### TASK DETAILS
Could the data below please be reproduced word for word, without the pictures?
COLLECTED DATA: Begin
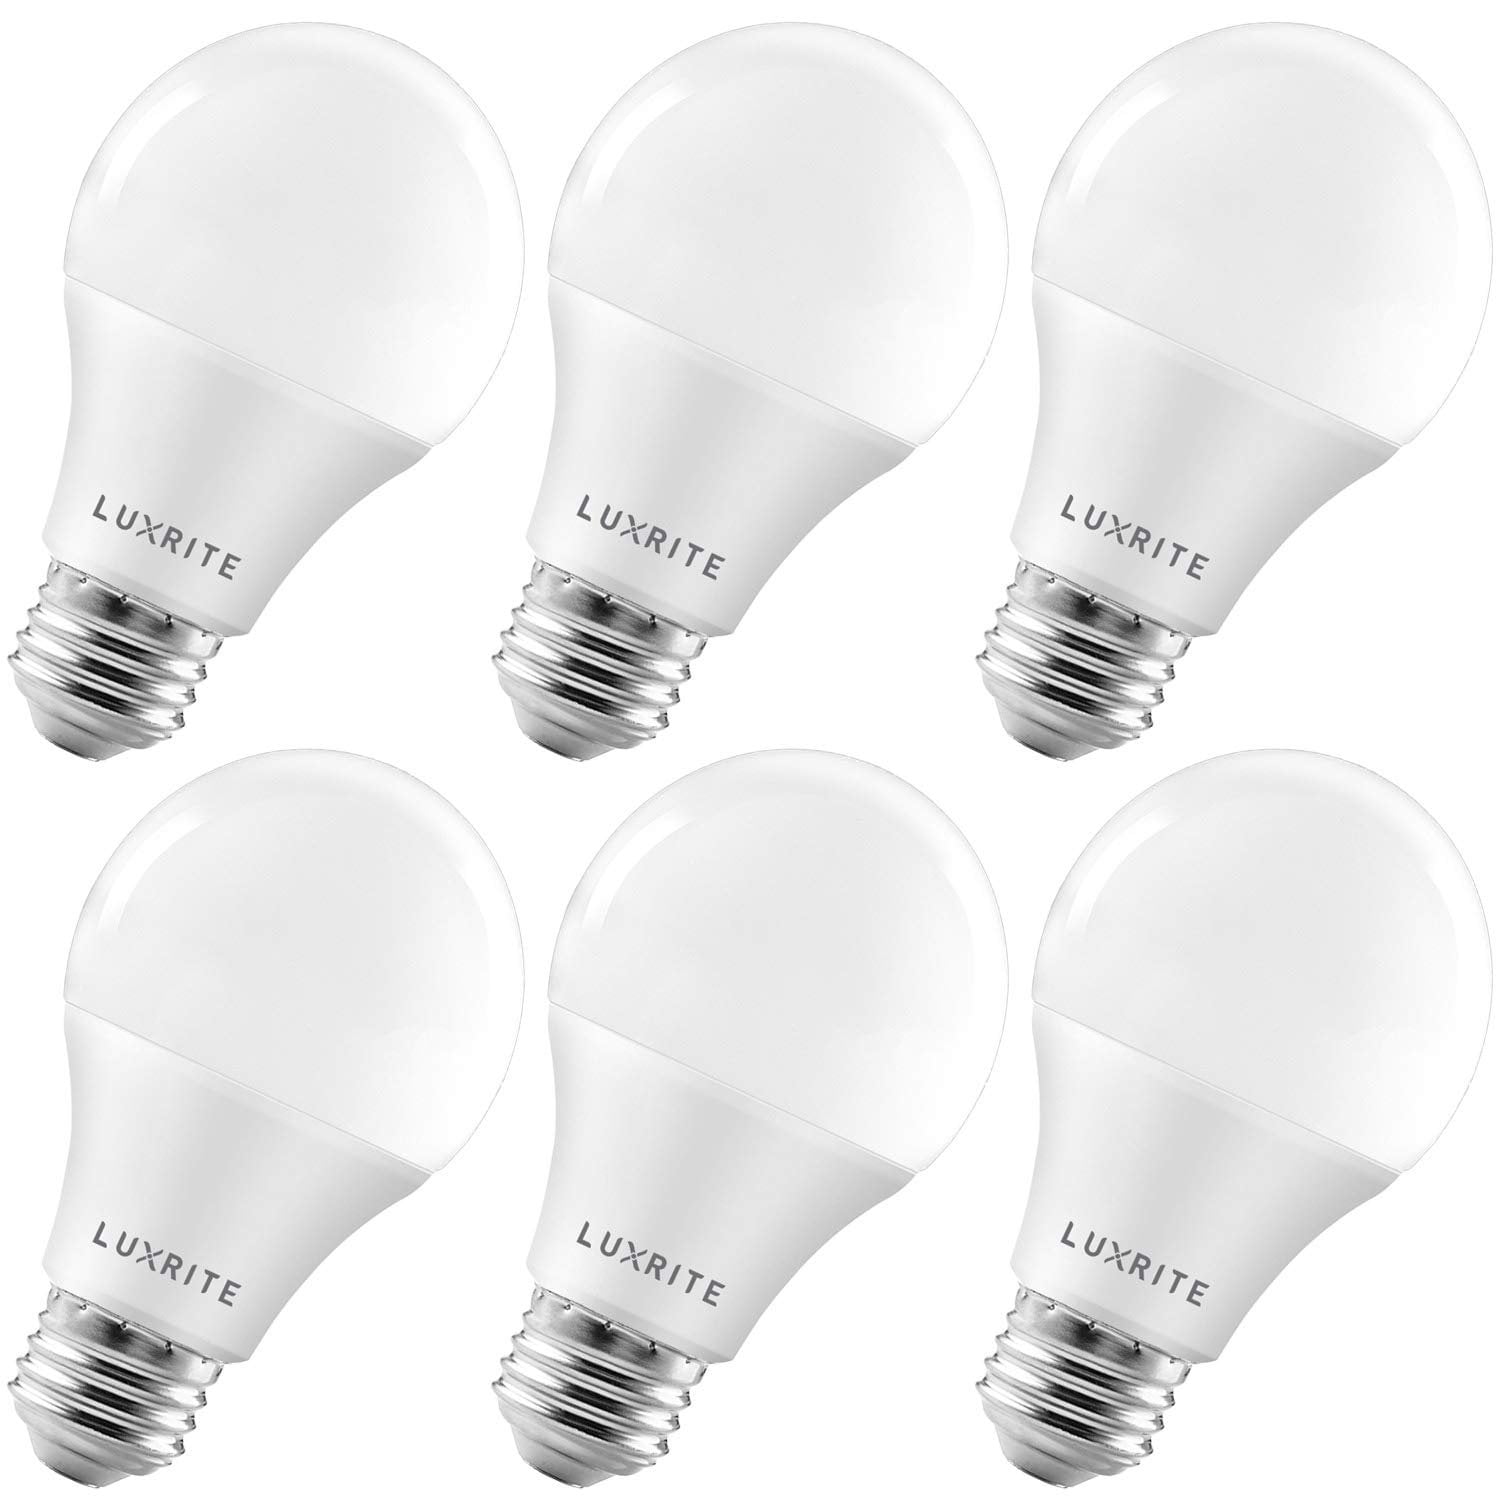 Floreren schrijven Verlammen Luxrite A19 LED Dimmable Light Bulb 11W 75W Equivalent 3000K Warm White, 1100  Lumens E26, 6-Pack - Walmart.com
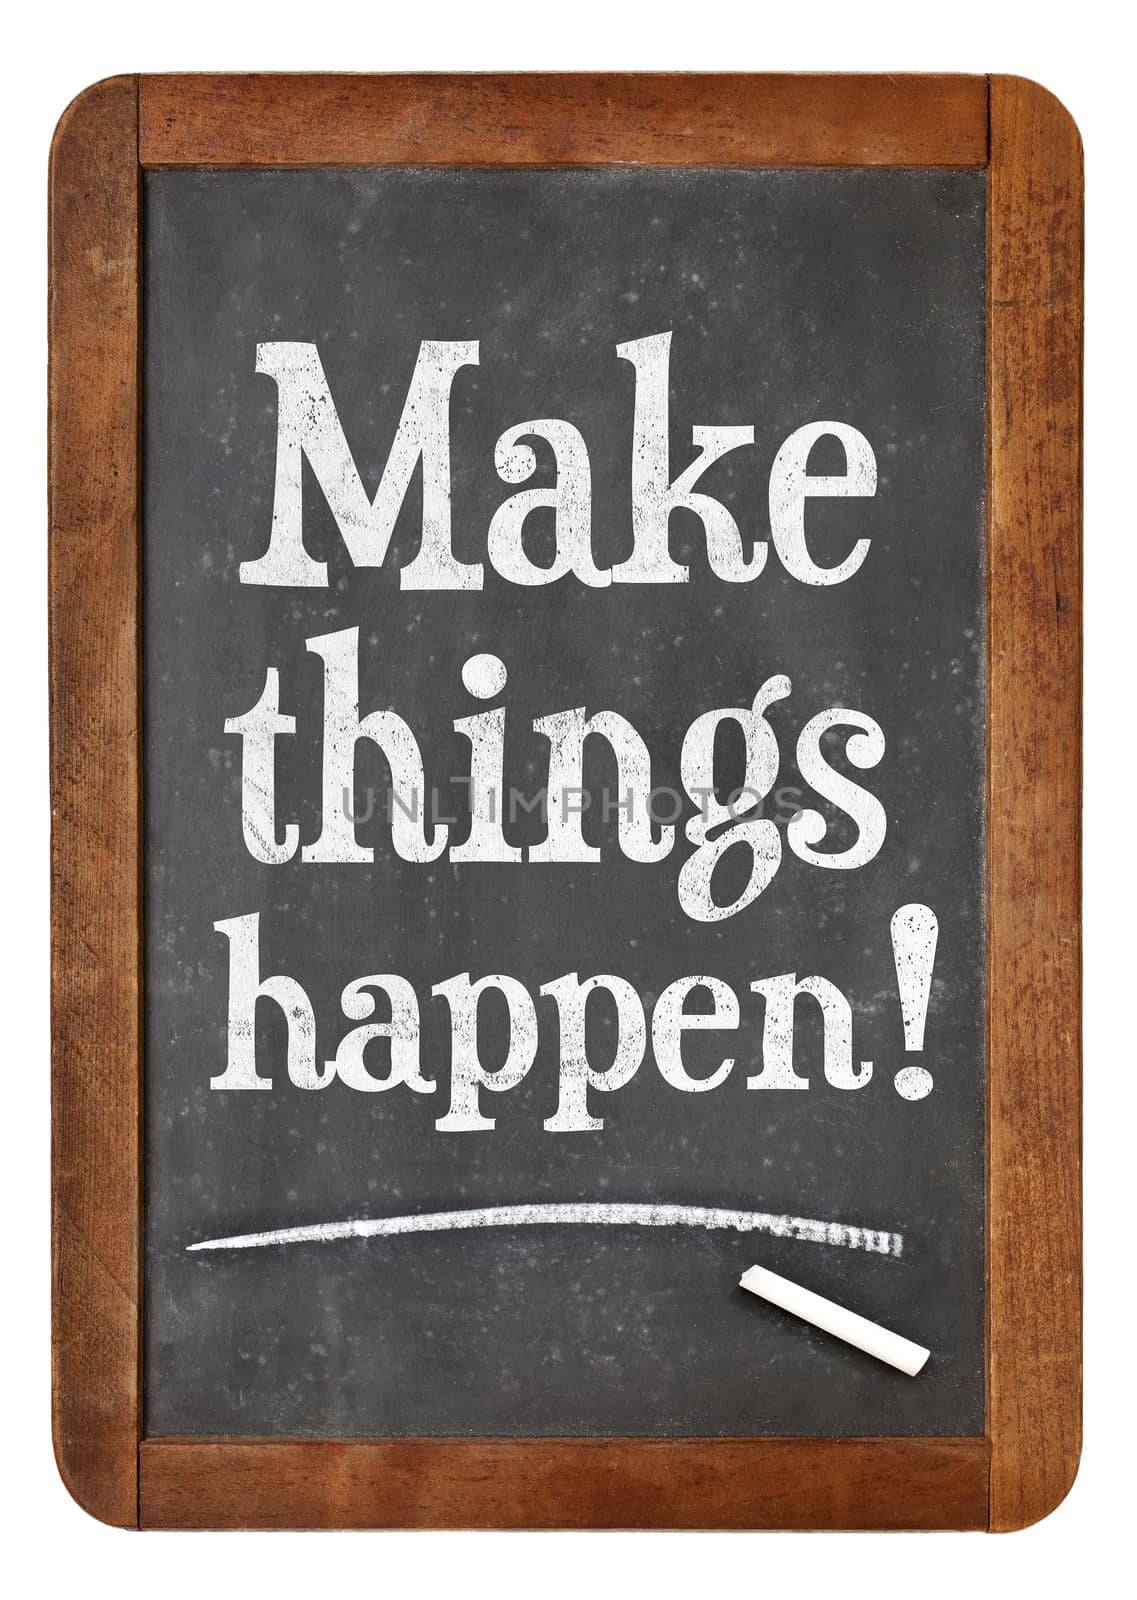 Make things happen advice by PixelsAway
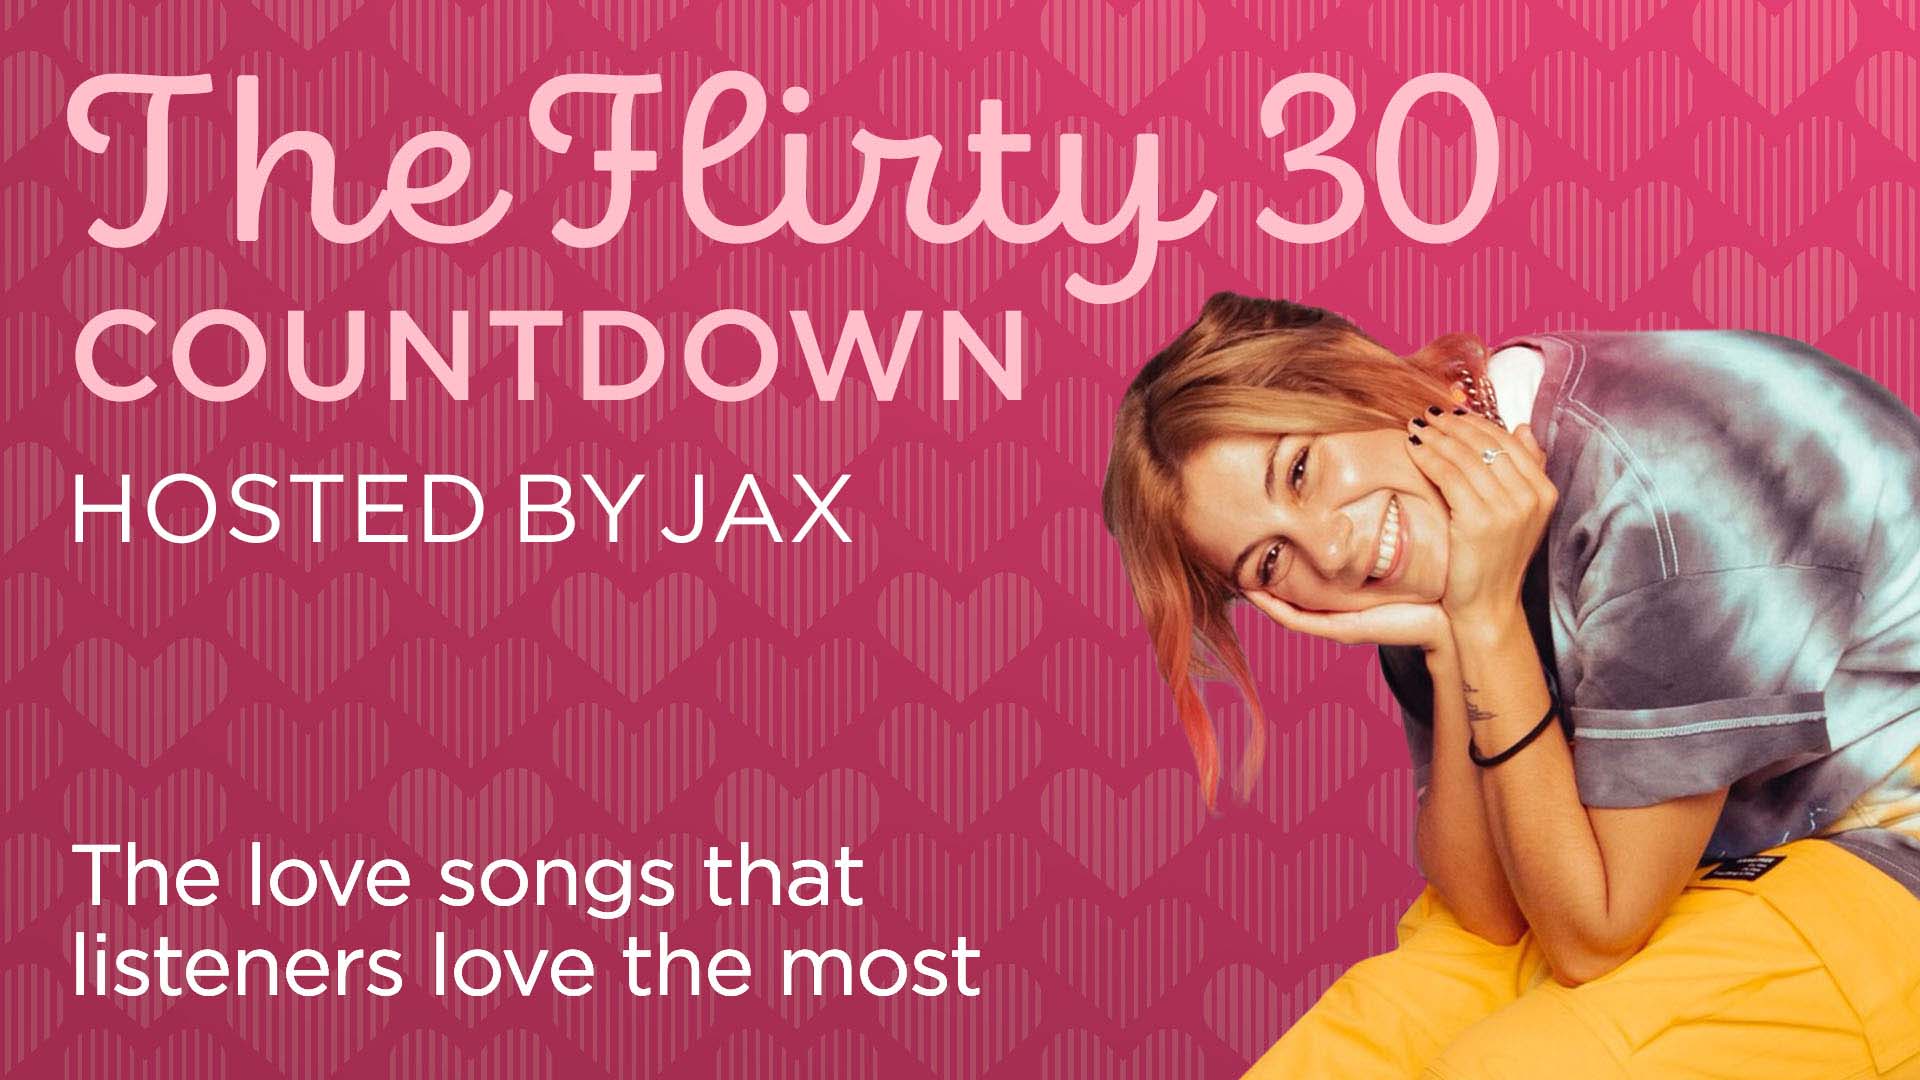 SiriusXM Hits 1 The Flirty 30 Countdown hosted by JAX
COLLECTED DATA: End
### ANSWER AREA
 Floreren schrijven Verlammen Luxrite A19 LED Dimmable Light Bulb 11W 75W Equivalent 3000K Warm White, 1100  Lumens E26, 6-Pack - Walmart.com
 Make things happen advice by PixelsAway
 SiriusXM Hits 1 The Flirty 30 Countdown hosted by JAX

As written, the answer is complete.